When I remembered Katrina’s last words, I shot toward him in a panic and grabbed his arm. “Are you okay?”

He looked at me with a startled expression. “Yes.”

A one word answer. There was something wrong with him. “You look sick.”

“It’s just the air.”

“Uh huh.” I narrowed my eyes. His forehead was sweaty, his face pallid—and I knew it wasn’t from the warm tropical weather of Nor. “Titus, what’s wrong?”

Before he could respond, Captain Patel called for us further down the pier, and Titus took off in that direction. Frustrated, I stomped after him, but every time I tried to inquire of his health, the blasted fiend avoided me.
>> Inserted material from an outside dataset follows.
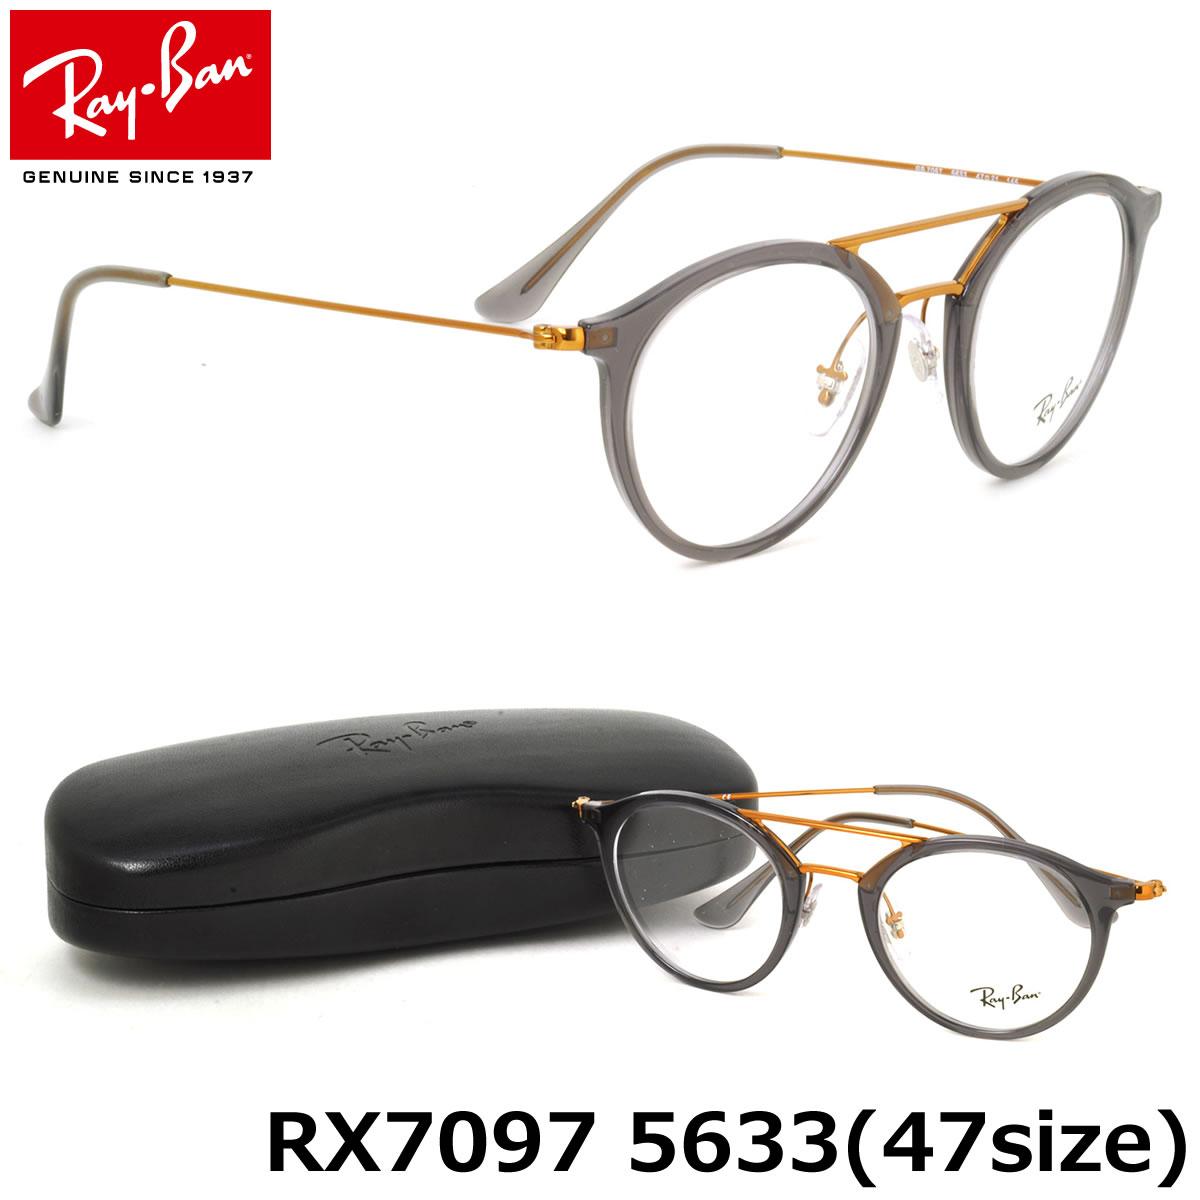 49b5e1c117 (Ray-Ban) glasses RX7097 5633 47 size-to-bridge round round glasses RayBan  men s women s

Dang it, Titus! Just listen to me! I wanted to cry out, but I couldn’t. I saw too many people milling about the ramshackle streets past the pier, and I didn’t want to cause a scene. Various fishermen wearing chest-revealing vests avoided us politely as they moved about the pier. The wooden planks beneath us turned to gravel as we entered the city. I gaped in horror at the sight before me. People of all shapes, clothing, and appearances swarmed the streets of Atroph. Women wore colorful scarves and lavish jewelry, while men wore sleeveless shirts for the warm weather. Stray dogs bolted for the cover of dark alleys and stalls, barking their objections as we moved along.